__YOUR TASK__.
Everything in the records below from the line containing "Vintage Paper Background - Stock Image" through the line containing "Oceanis Yacht 62 BBQ" is to be reproduced exactly, those two lines included; no picture is to be copied.

-- PROVIDED RECORDS follows --

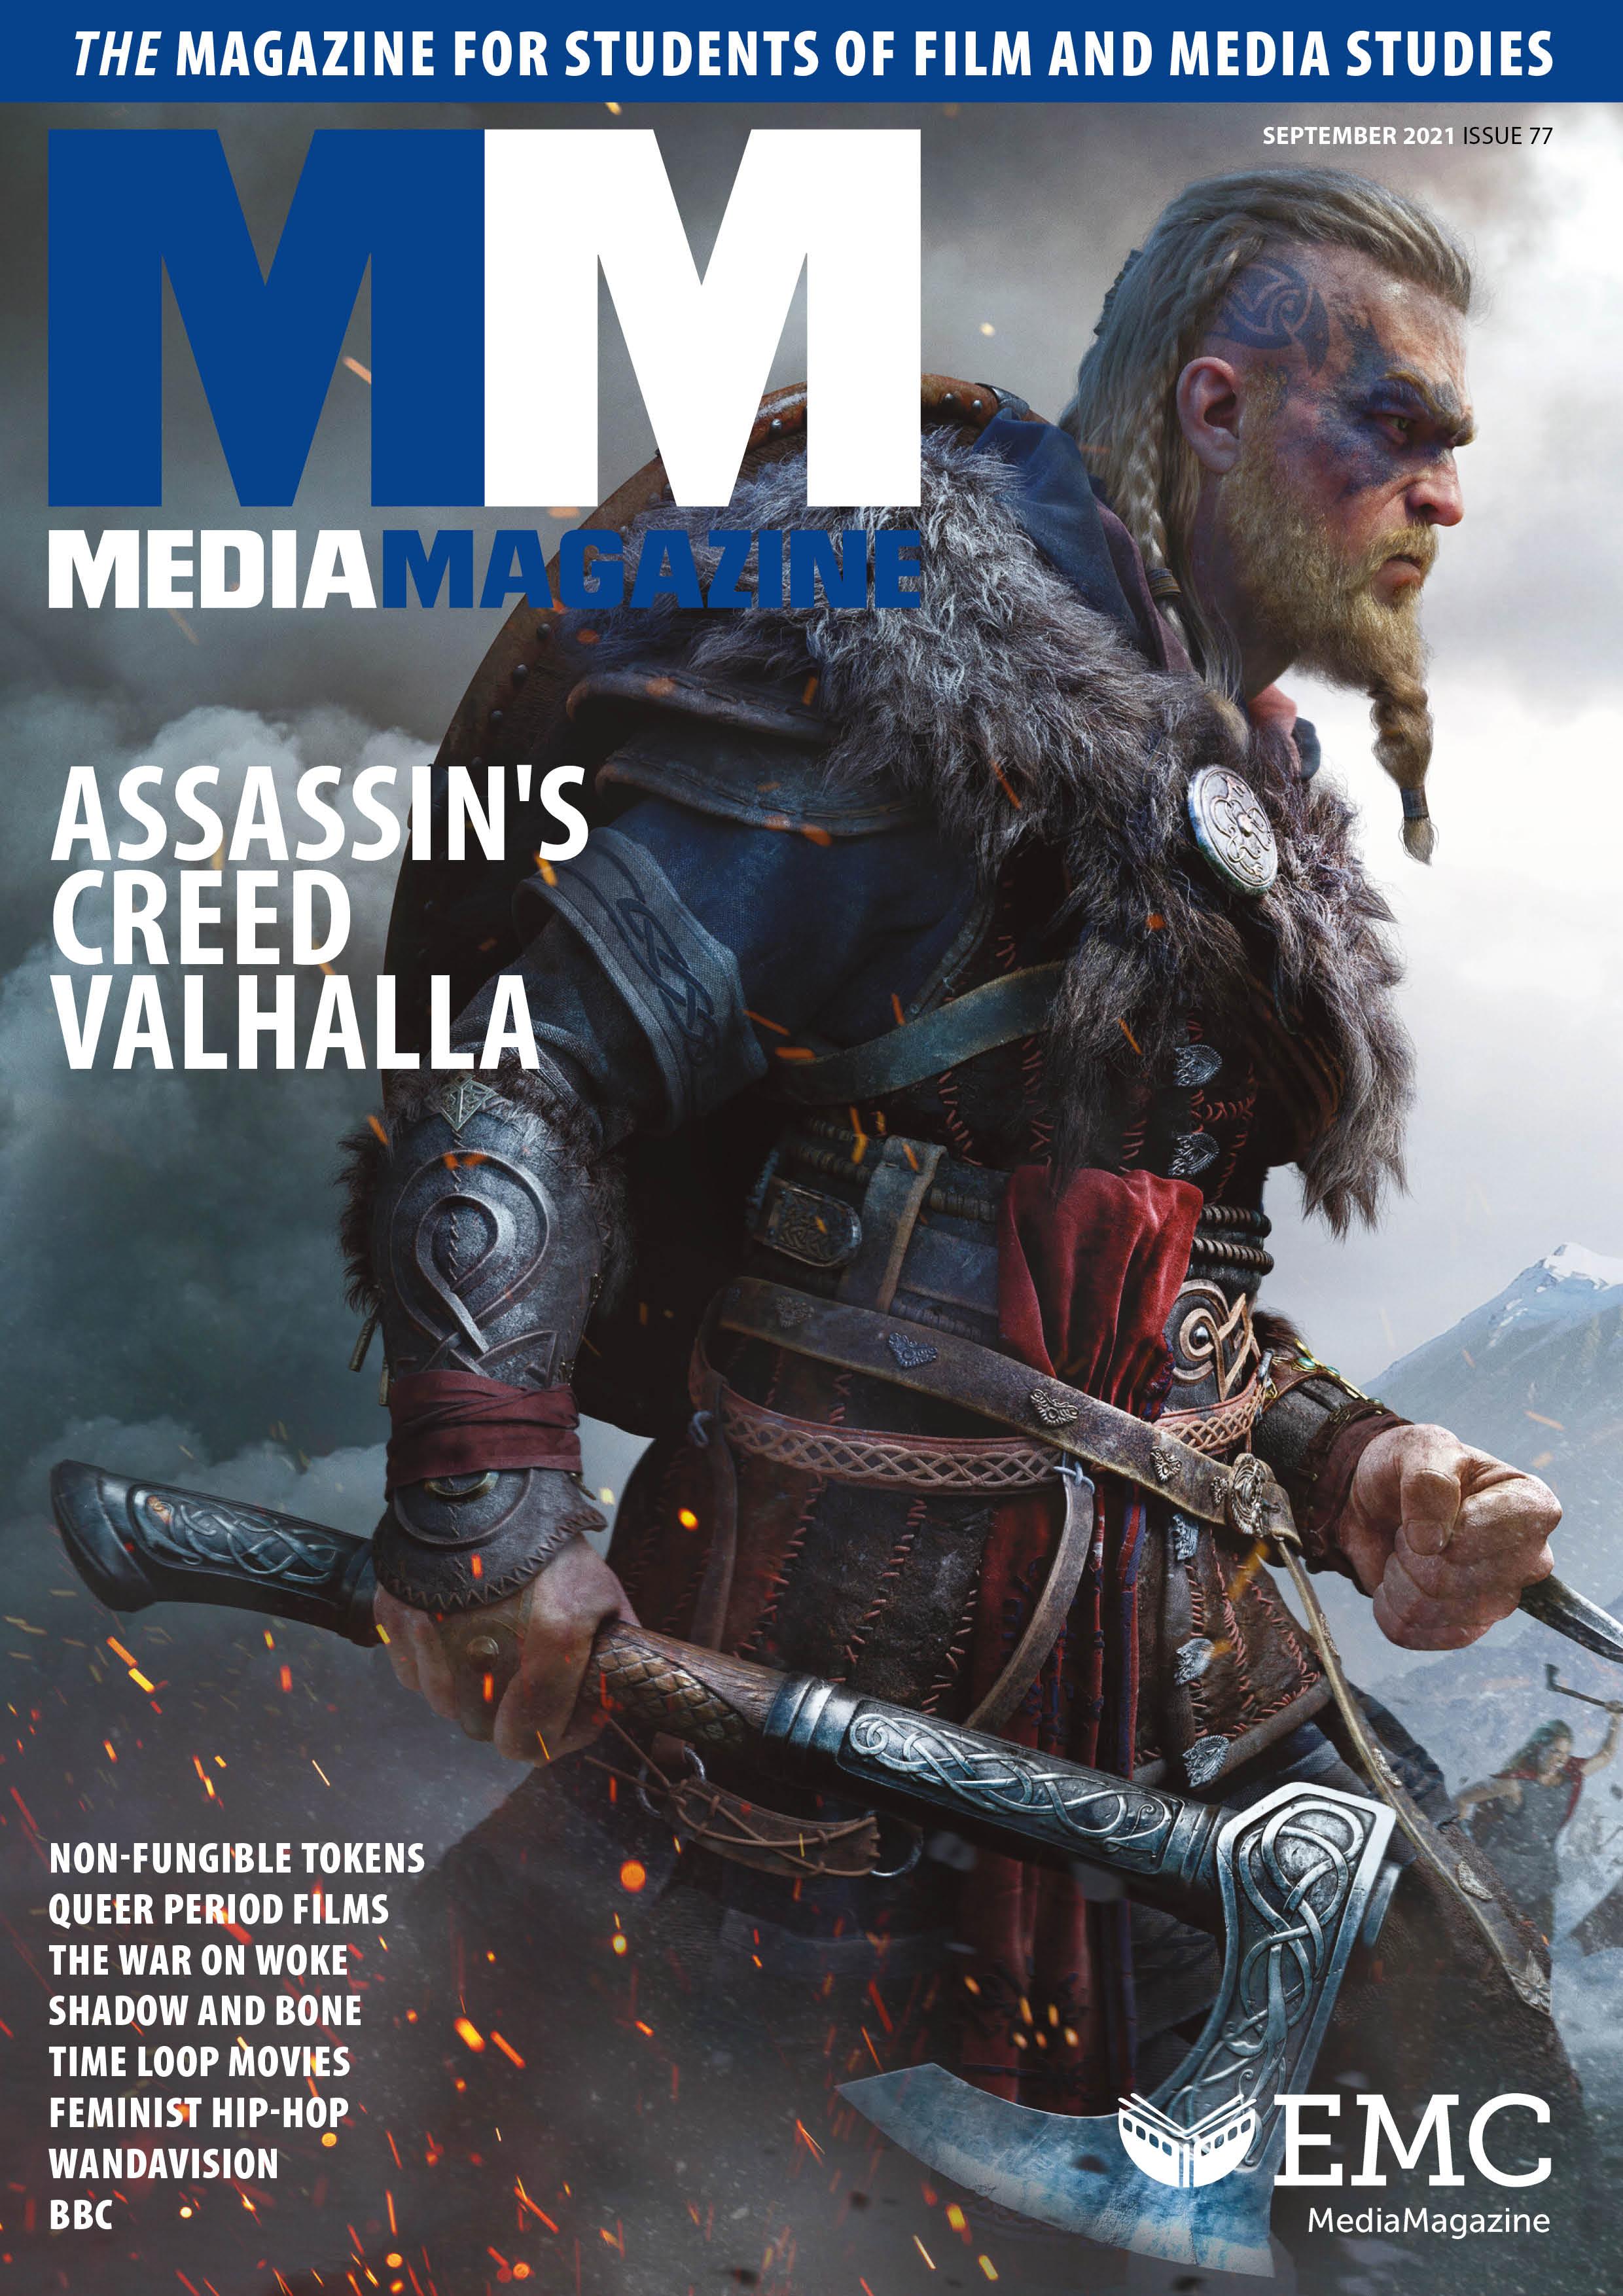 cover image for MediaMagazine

-- PROVIDED RECORDS concluded --
-- PROVIDED RECORDS follows --

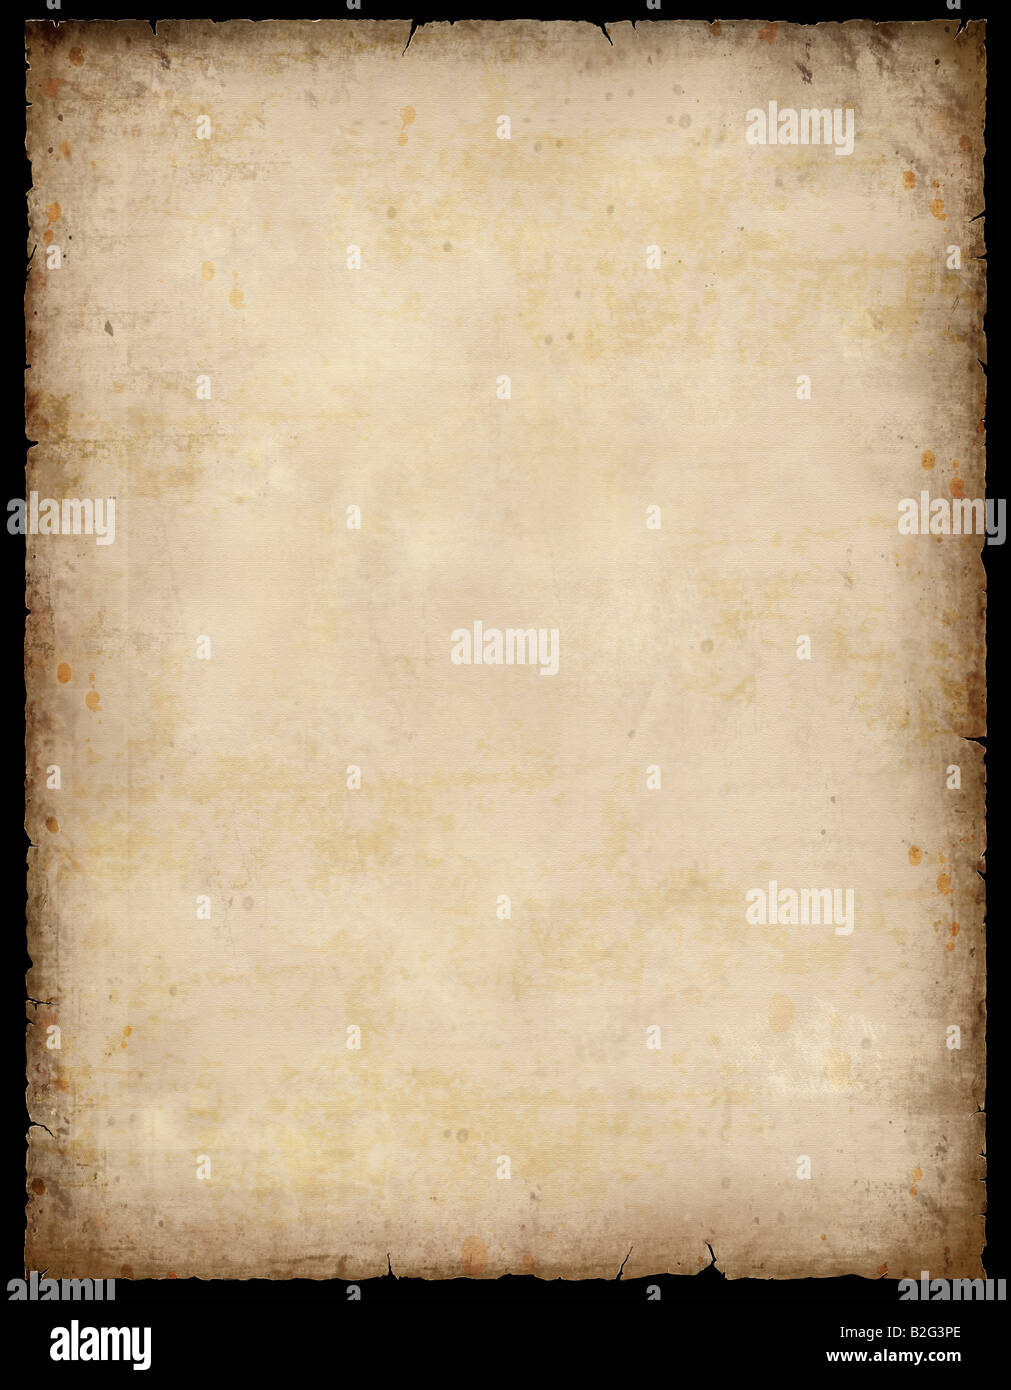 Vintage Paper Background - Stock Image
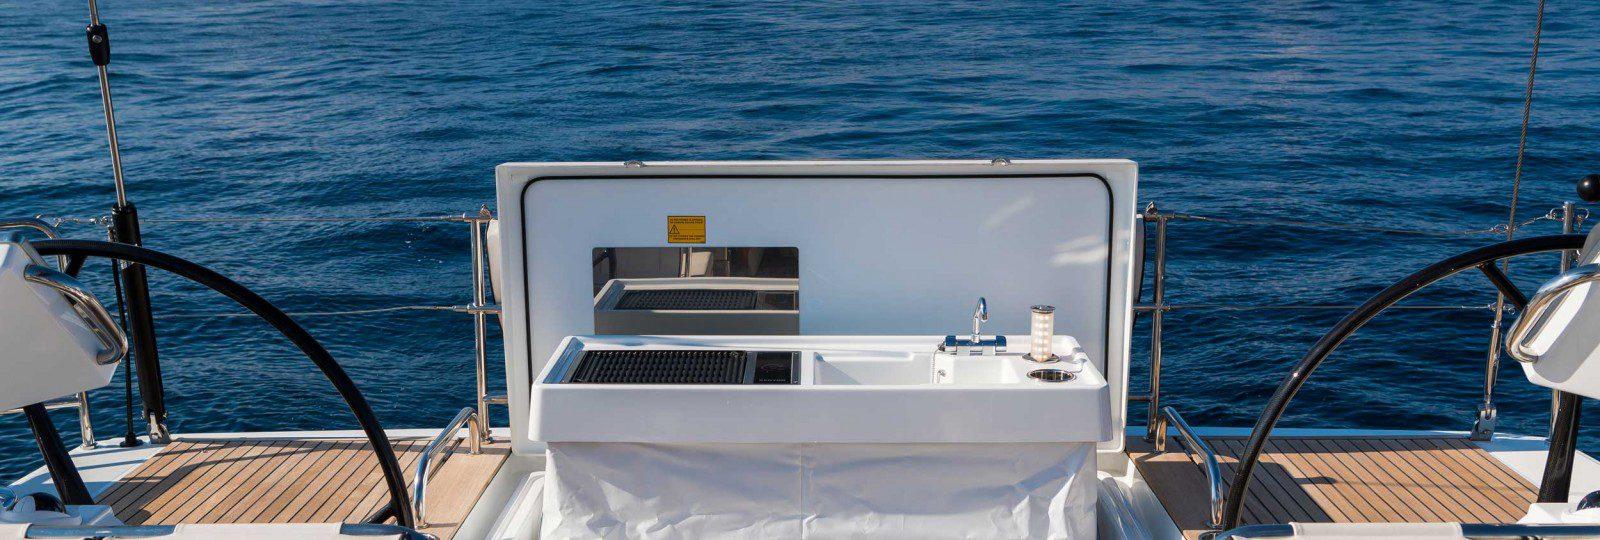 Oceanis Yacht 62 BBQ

-- PROVIDED RECORDS concluded --

__TASK ANSWER__.
 Vintage Paper Background - Stock Image
 Oceanis Yacht 62 BBQ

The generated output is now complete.